Local government pension funds have increased allocation to alternative assets and bonds over the past three years while equities have fallen.
Research by State Street based on Pension Funds Online data for 105 local authorities across England, Scotland, Wales, and Northern Ireland shows total bond allocation rose from 11.9% in 2014 to 13.8% in 2016 as a proportion of total assets.
Meanwhile, equity allocation dropped from 50% in 2014 to 47.9% (£120.7bn) in 2016, and alternatives increased from 4.6% to 6.6% (£16.6bn).
The fall in equity exposure in percentage terms was primarily down to domestic equity allocation decreasing from 18% to 15.1% of total scheme assets, although there was a slight increase in overseas stocks to 24.8%.

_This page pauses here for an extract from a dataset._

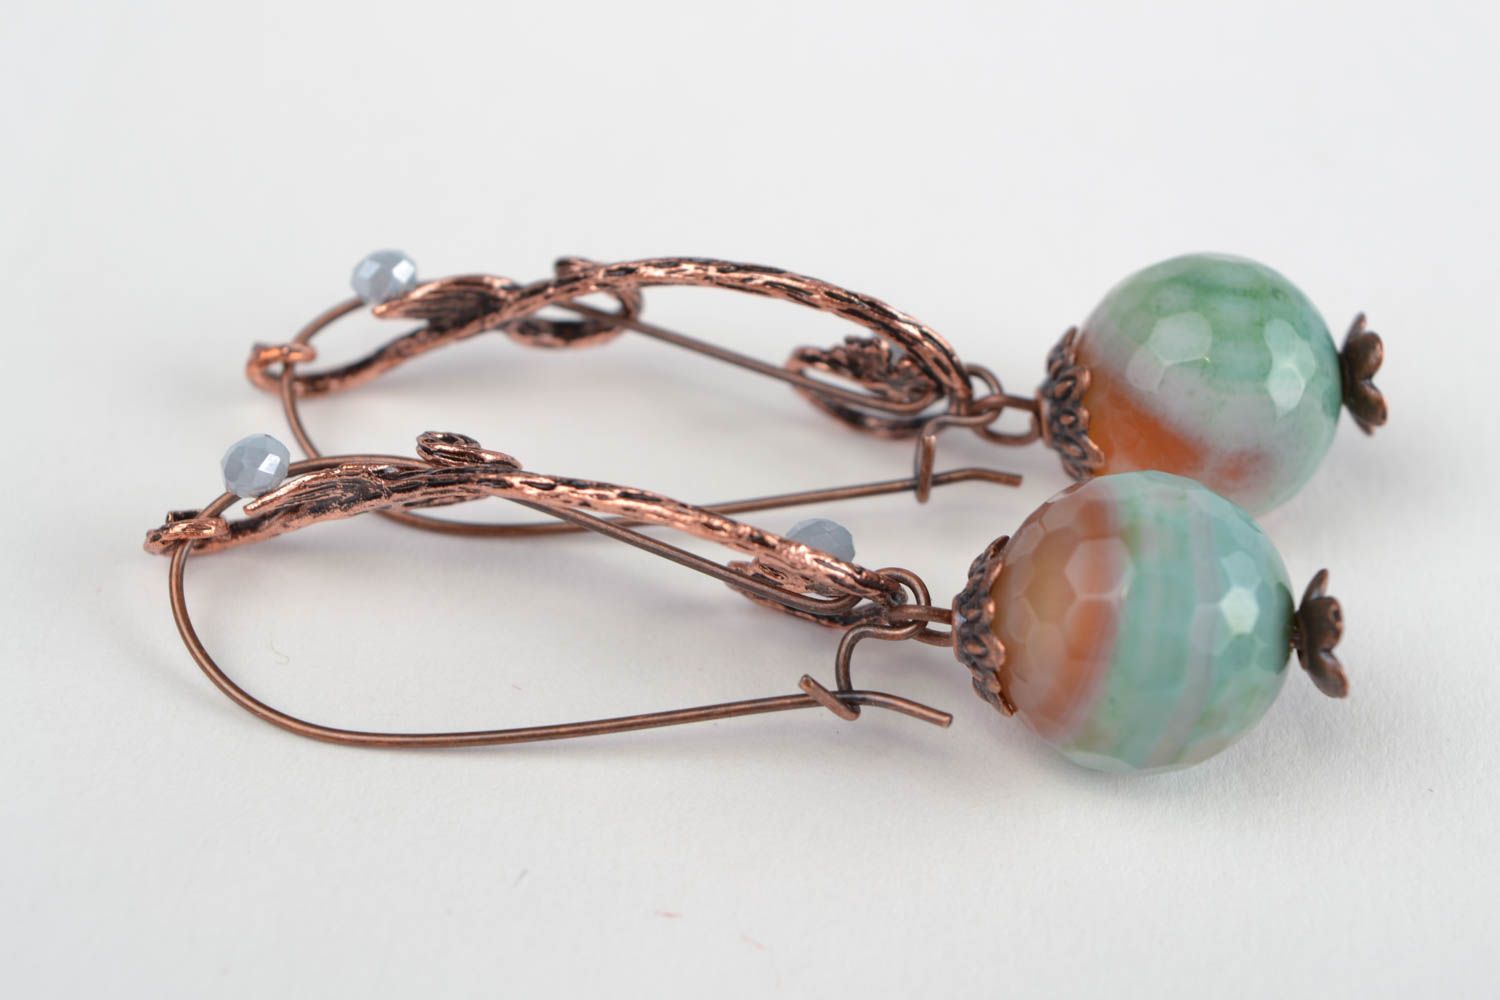 Handmade long dangling earrings with agate beads and fancy metal fittings photo 5

Meanwhile, allocation to ‘other' investments such as inter alia, unit trusts, multi-asset vehicles, liability-driven investment solutions and structured products, fell from 33.4% of total assets in 2014 to 31.7% in 2016.
State Street Asset Owner Solutions head of UK pensions and banks Andy Todd (pictured) said from his conversations with investment committees, there is willingness to engage in more alternative asset classes. This is being driven by a search for return in a low yield environment, as well as diversification, he said.
Also, alternatives are a good fit given LGPS funds are still open defined benefit schemes with a very long-term investment time horizon. In the past three years the number of active members in the LGPS has risen by 138,784 to 2,174,128.
"When looking at asset portfolio beyond the monthly cash flow requirements, then the attractiveness of long-term investments that diversify core investments around bonds and equities and are a good match to liabilities, is a positive thing," Todd added.
The pooling of investments across 89 English and Welsh funds into eight vehicles is expected to enable greater accessibility to alternative asset classes, particularly small funds.
While Todd has not seen any evidence to suggest that asset allocation strategy has been restricted through lack of access to alternatives, buying power at the pool level will have a "very positive factor" particularly for those smaller funds.
Preparations for the pools are well underway to meet the April 2018 deadline for when they need to be set up by. Most pools are now working through the process for getting Financial Conduct Authority authorisation, and are expected to send applications to the regulator in the third quarter of this year.